3.3. The Yellow Pages problem

   Current implementations of this hierarchical architecture have also
   been unsuited to solving the Yellow Pages problem; that is, the
   problem of easily and flexibly building special-purpose directories
   (say of molecular biologists) and of automatically maintaining these
   directories once they have been built. In particular, the attributes
   appropriate to the new directory must be built into the namespace
   because that is the only way to segregate related entries into a
   place where they can be found without a global search. Also, there is
   a classification problem; how does one adequately specify the proper
   categories so that people other than the creator of the directory can
   find the correct subtree?
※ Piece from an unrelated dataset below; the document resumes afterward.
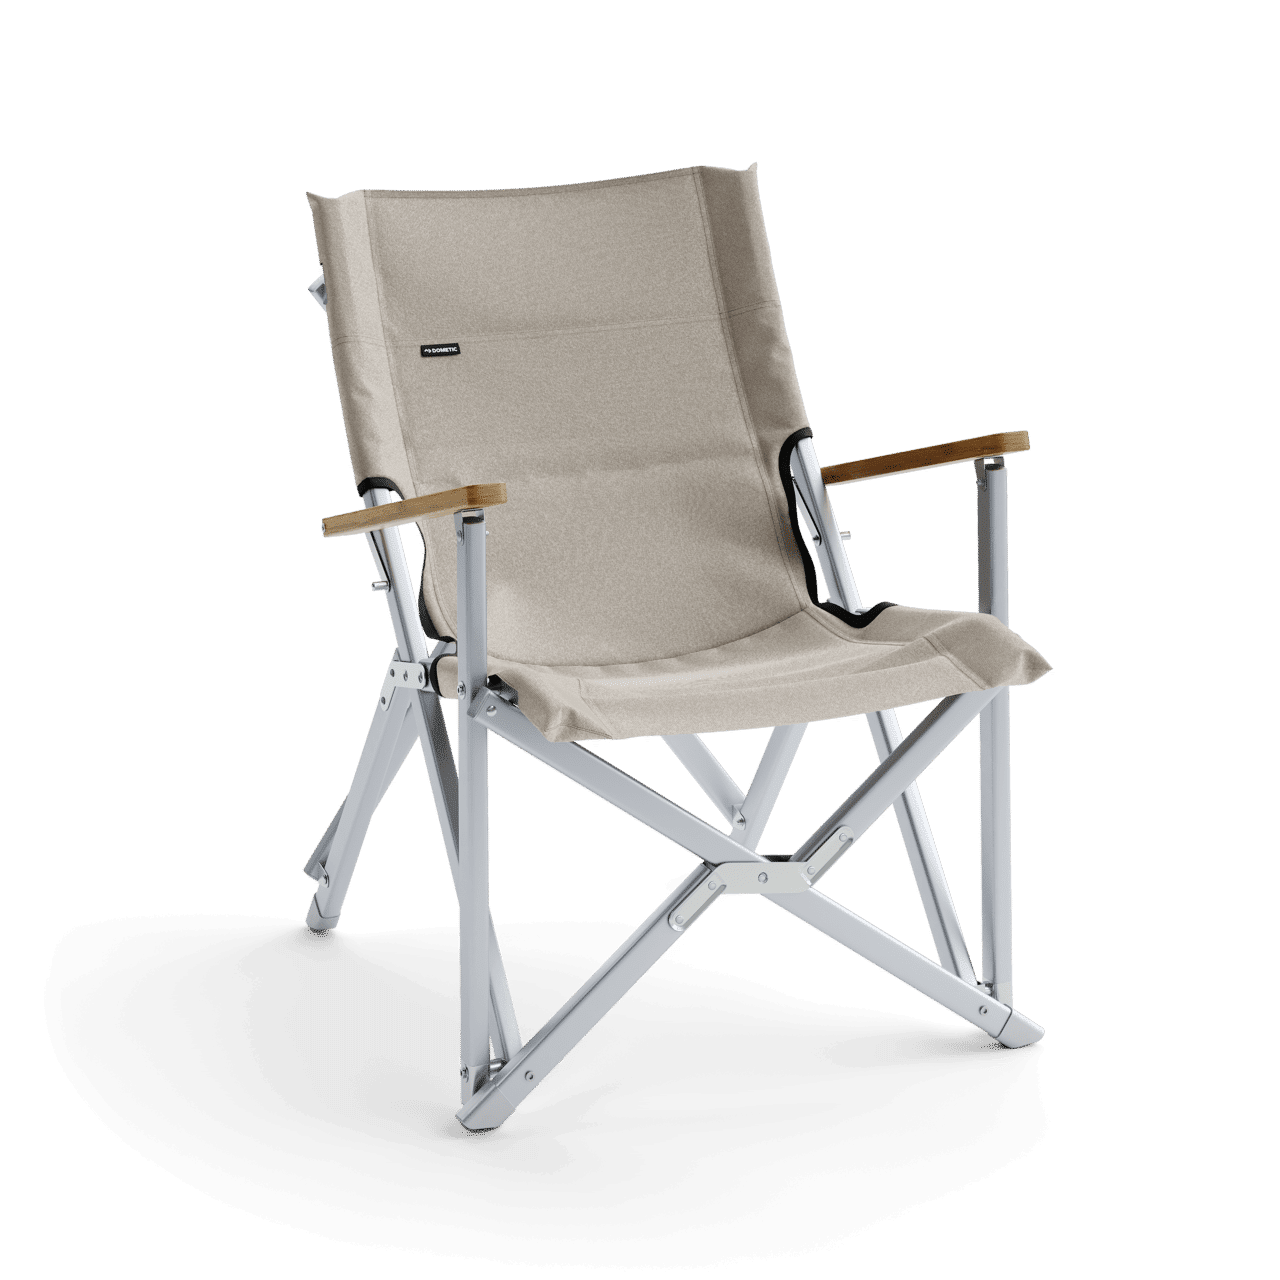 Dometic Compact Camp Chair - Chaise de camping | Hardloop

Additionally, there is the problem of
   actually finding the data to put into the subtree; if one must
   traverse the hierarchy to find the data, we have to look globally for
   the proper entries.

3.4. Solutions

   The problems examined in this section can be addressed by a
   combination of two new techniques: directory meshes and forward
   knowledge.

4. Directory meshes and forward knowledge

   We'll hold off for a moment on describing the actual architecture
   used in our solution to these problems and concentrate on a high
   level description of what solutions are provided by our conceptual
   approach. To begin with, although every entry in WHOIS++ does indeed
   have a unique identifier (resides in a specific location in the
   namespace) the navigational algorithms to reach a specific entry do
   not necessarily depend on the identifier the entry has been assigned.
   The Index Service gets around the namespace and hierarchy problems by
   creating a directory mesh on top of the entries.  Each layer of the
   mesh has a set of 'forward knowledge' which indicates the contents of
   the various servers at the next lower layer of the mesh. Thus when a
   query is received by a server in a given layer of the mesh, it can
   prune the search tree and hand the query off to only those lower
   level servers which have indicated that they might be able to answer
   it. Thus search becomes feasible at all levels of the mesh. In the
   current version of this architecture, we have chosen a certain set of
   information to hand up the mesh as forward knowledge. This may or may
   not be exactly the set of information required to construct a truly
   searchable directory, but the protocol itself doesn't restrict the
   types of information which can be handed around.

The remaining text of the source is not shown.